Ichigo's heart beat faster. "Hollow."
Aizen's eyes glinted. "Perhaps."
Ichigo turned away, trying to steady himself.
"You want me to fight Yamamoto," he said. "But I've fought captains before. I barely survived."
Aizen's smile widened.
"That's why I brought a gift."
He raised his hand.
From the shadowed stone beneath the platform, a figure emerged. It was small, limping, draped in heavy robes.
It stepped forward.
Ichigo's eyes widened. "Isane?"
She looked up.
Her face was bruised, her eyes swollen with fear.
But her voice was clear.
"I have evidence. Yamamoto erased Captain Unohana."
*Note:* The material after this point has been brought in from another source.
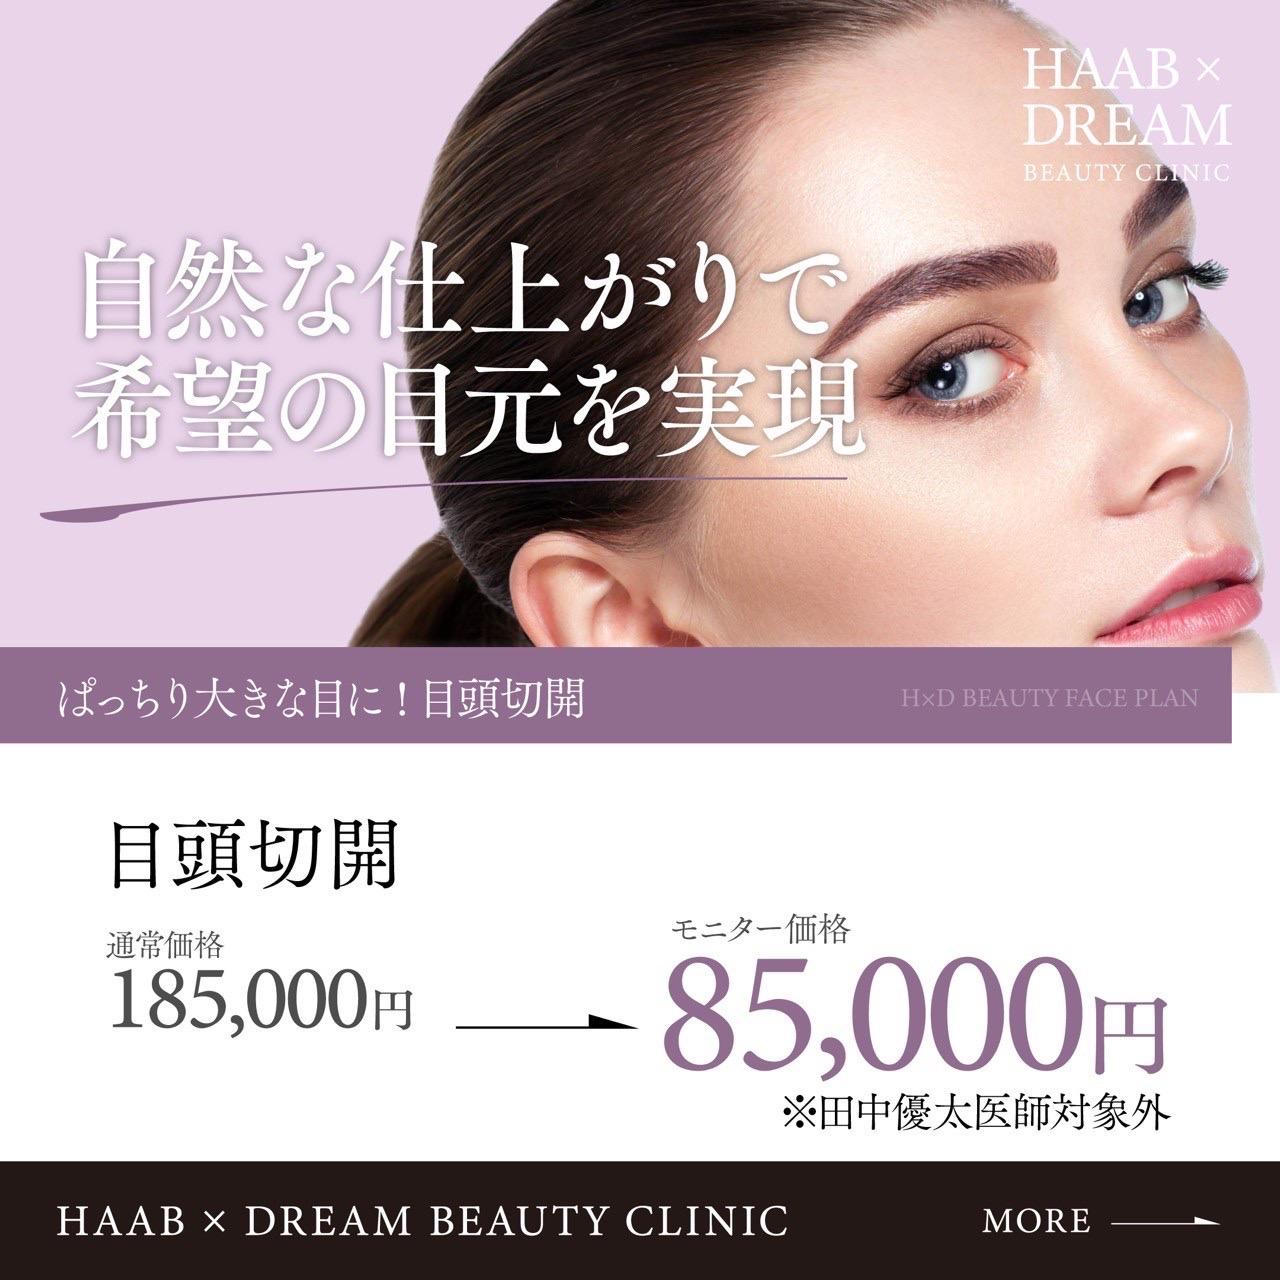 美容外科治療の目頭切開の特別プラン告知画像

Ichigo's blood turned to ice.
"What do you mean?"
"She didn't die in battle," Isane whispered. "She was judged. The scroll wrote her name, and no one stopped it. He watched it happen."
Ichigo stepped back.
It was too much. Too many truths.
"I'll get Renji," he said. "And then I'll find him."
Aizen stepped aside.
"Good. You have three days. After that, Renji's soul vanishes. And so does the last chance to uncover the truth."
Ichigo turned.
He didn't say goodbye.
As he vanished into the snowfall, Aizen looked up once more.
Behind him, the scroll shimmered briefly in the air, then sank into the shadows once more.